Scavenging From Argentina

John McKenzie

Argentina has been struggling with its external debt for over 14 years, during which it has attracted financial predators of the nastiest kind.  Technically called ‘distressed security funds’ in the finance world but more popularly known as ‘vulture funds’, these large hedge funds pursue a profit strategy of buying securities such as sovereign bonds in distressed investments in or near default. As their nickname suggests, vulture funds set flight in search of waste no longer wanted by others. In financial markets, they scavenge for what the average investor would consider an unrecoverable investment.

While the high-risk security changes hands, the financial obligation for the bond issuer remains unchanged. Why does a vulture fund buy debt from anxious investors when the probability of realising the purchased assets is low?  Once they buy the waste, vulture funds want to recover at least what they paid for it plus interest. So, how do vulture funds profit from buying unwanted securities? The answer to this question lies in the clever strategy of these funds. Vulture funds are market makers in that they offer a way out to average investors, who realise that their investment, say in the form of bonds issued by the Argentinian government, is unlikely to be paid back in full. This was the case for most foreign debt creditors when Argentina first defaulted in 2001. Faced with the possibility of losing all their invested money, most creditors turned to the rather less painful alternative of selling their securities to vulture funds at prices often ranging between 10% and 30% of their original issue value. When a firm or a country defaults on its debt or is close to bankruptcy, it often resorts to some arrangement of debt restructuring. Argentina was allowed to do so after its first default in 2001, but its restructuring plans did not embrace vulture fund creditors, as they would not agree to any debt relief verdict.

Unlike the average investor, vulture funds rely on their massive litigation power to twist the debtor´s arm and obtain a debt settlement of the securities at stake with little or no tolerance to adhere to any sort of debt restructuring. In the case of Argentina, whereas 92% of Argentina’s creditors eventually agreed to the government’s restructuring proposals, the remaining 8% (with the largest being Elliot Management Corporation), were holdouts. Elliot’s rigid holdout strategy has meant many problems for Argentina, and eventually led to a second default in July 2014.

Elliot Management has spent a good part of the last decade suing Argentina to force repayment of its debt. Elliot Management’s tactics have been even more aggressive when suits failed. In 2012, Elliot Management convinced Ghanaian port officials to seize an Argentinian naval vessel valued at about $15 million in an attempt to collect the money owed by the country. An agreement could not be met and the vessel was released in the end. However, this incident triggered much tension between Argentina and Elliot Management. The two parties have each now adopted very aggressive positions, mostly due to intransigency.

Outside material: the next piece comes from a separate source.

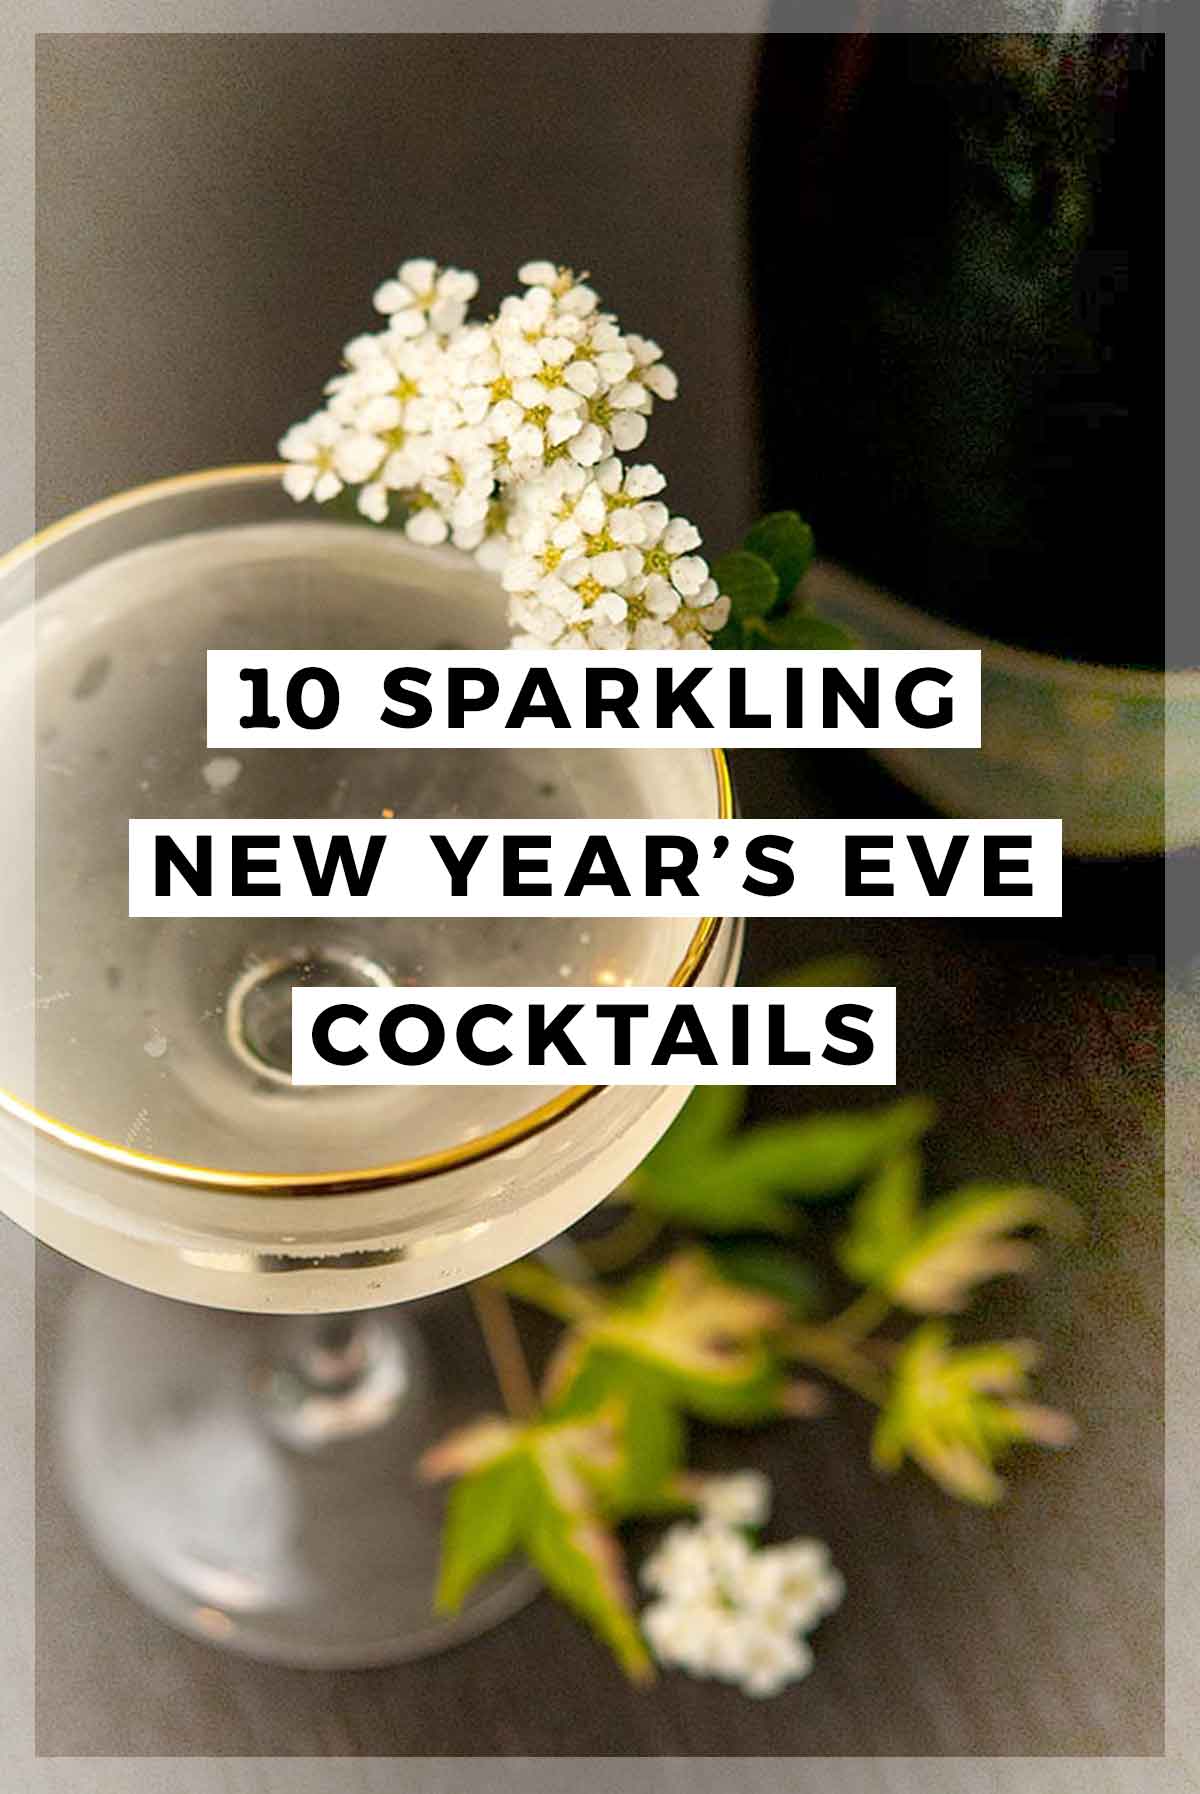 A flower-garnished cocktail with a title that says "10 Sparkling New Year's Even Cocktails."

More recently, Elliot Management took additional legal action and succeeded in getting New York judge Thomas Griesa to rule that holdouts would be paid on an equal basis as the regular debt creditors who had agreed to Argentina´s debt-restructuring plans. Although Argentina had the money to pay its regular debt creditors, Argentina chose to default for a second time in July 2014 rather than pay billions to Elliot Management as well.

Though the New York judge’s decision left bondholders disappointed, Argentina is not very satisfied either, since it was forced to default. This is clearly a situation that could be well modelled in game theory, with both parties not willing to yield to the other, and both arriving at the worst outcome when nobody cooperates. That is a prisoner´s dilemma, or an all-lose game.

Or is it? The problem is actually not that complicated. Argentina will have to pay the debt sooner or later plus 8% interest on the missed payment, but in the meantime it might as well keep on defaulting, or at least for a couple more times. The intriguing question is what Elliot Management will plan to do now. So far, it has proven to be insatiable and ready to battle the fight irrespective of any and all costs. Standard game theory models would predict similar moves in terms of aggressiveness for each party. Argentina will probably want to take some legal action so as to rule out that holdouts are to be treated differently from the rest of its debt. Hence this would allow the country to pay the rather bigger fraction of investors who form part of the restructuring independently of the holdouts. On the other hand, if the legal course were to fail, Elliot would probably come out with even more ruthless strategies to force the payment. Maybe freeze more Argentinian assets in foreign soil? Try to claim other vessels? We can leave that to your imagination.

In fact, Argentina has already replied to Elliot´s action. In September 2014, the Argentinian government passed a new law in an effort to circumvent Judge Griesa’s ruling. Argentina’s new law will allow the country to pay its debt under foreign law in Buenos Aires or cities that are out of reach of US law. Unsurprisingly, Judge Griesa has not ratified such law and, thus has created even more uncertainty amongst the creditors. How will the current standoff between Argentina and Elliot Management end? No one knows, but it is a certainty that other nations, foreign-debt creditors, vulture funds – and even avid game theorists – are all watching the precedents being set with great interest.